Consider the grocery store. The typical shopper might say, “fluorescent lights, some veggies, maybe a cashier with a flat affect, what’s so dangerous about that?” The reality is, the moment you set foot in an American supermarket you are entering a carefully crafted psychological experience designed to overwhelm your senses and bludgeon you into buying food you don’t need, especially junk.
In 1990, there was not a single US state with an obesity rate above 20%. As of 2022, there is not a single US state with an obesity rate below 20%. Seventeen states are above 35%! These are staggering numbers with huge implications for society, from healthcare costs to population growth, to say nothing of the physical, mental, and spiritual costs of obesity borne directly by the individual.
Back to the grocery store.
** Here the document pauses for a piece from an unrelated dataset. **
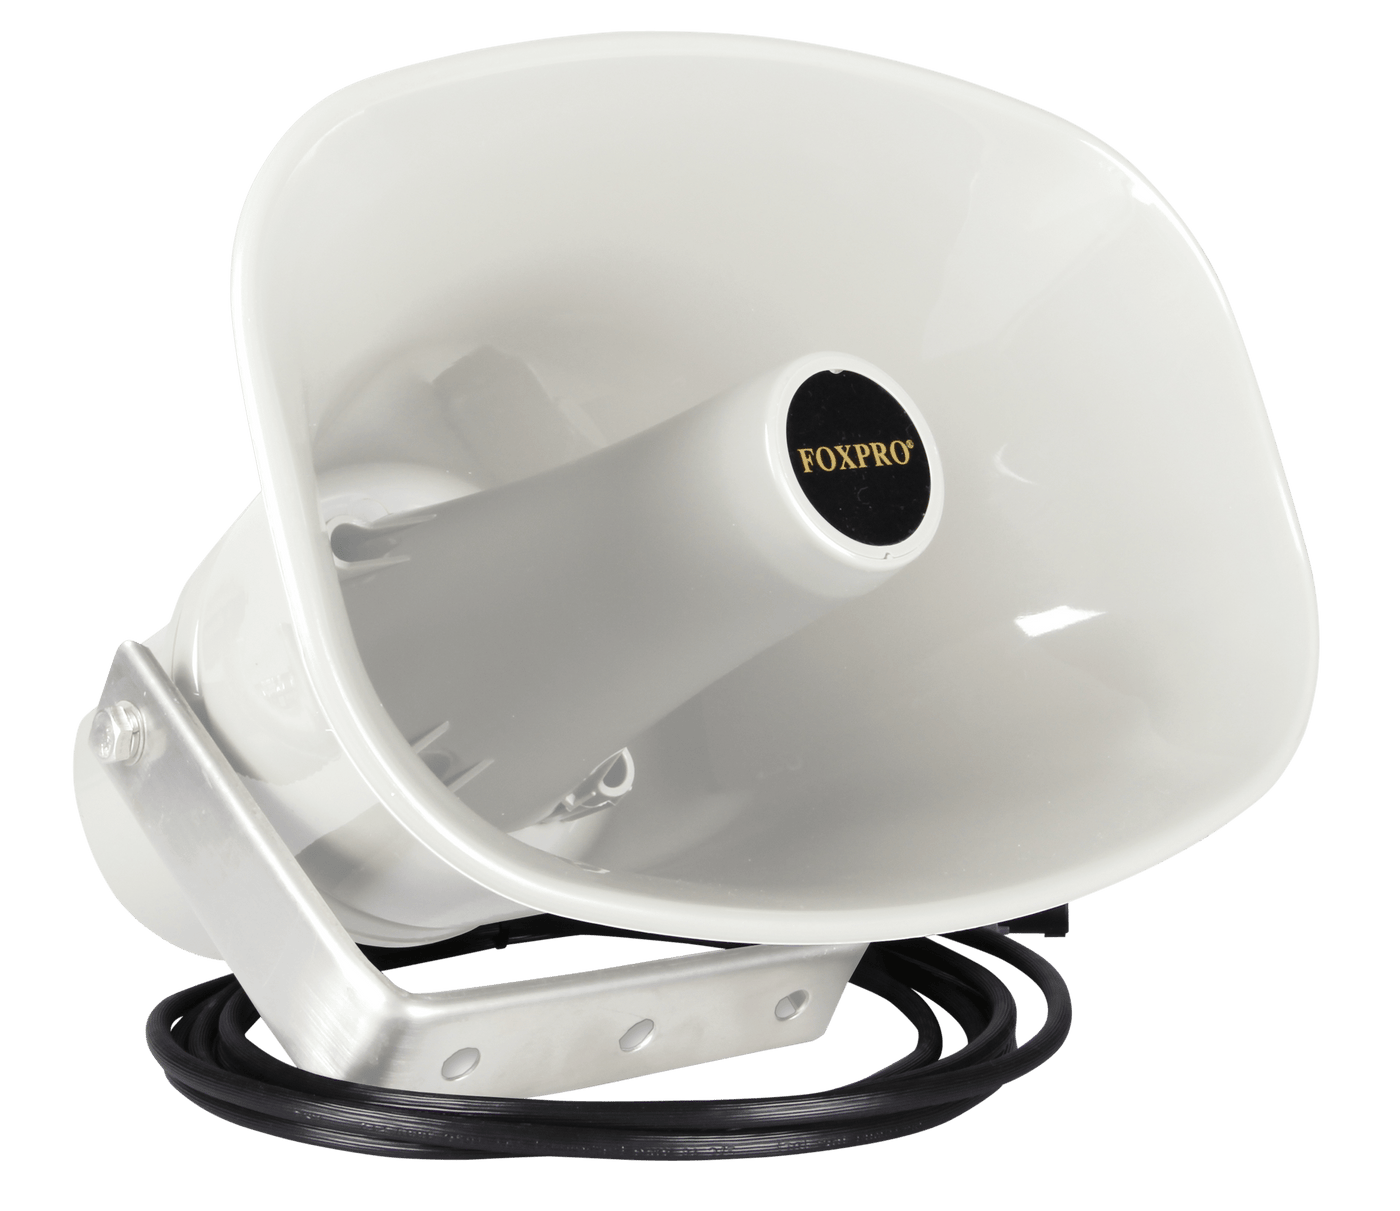 Foxpro Foxpro Snow Pro Speaker, Foxpro Sp-70scw        External Speaker Accessories

You walk in, let’s say to get something healthy like eggs. Guess where they are? Tucked away in the very back of the store, so you have to walk past aisles and aisles to get to them. Before you’ve paid for your eggs or even put them into your cart, you are paying for them mentally, being advertised at by hundreds of unwanted food products trying to tempt you with a colorful label, The Right Buzzword, or a flash sale.
Nothing about the experience is coincidental. Grocery stores strategically place higher-margin items at eye-level, putting the lower-margin items or generic brands above or below. You know what’s a typical high-margin item? Heavily processed food with a long shelf-life, full of preservatives and weird chemicals that our bodies aren’t meant to deal with because how could they have evolved to process something that didn’t even exist until sixty years ago?
Is Trader Joe’s really your friend? Or is there a cost to the convenience of all those tasty frozen meals, each one cleverly marketed with a quirky name but riddled with seed oils?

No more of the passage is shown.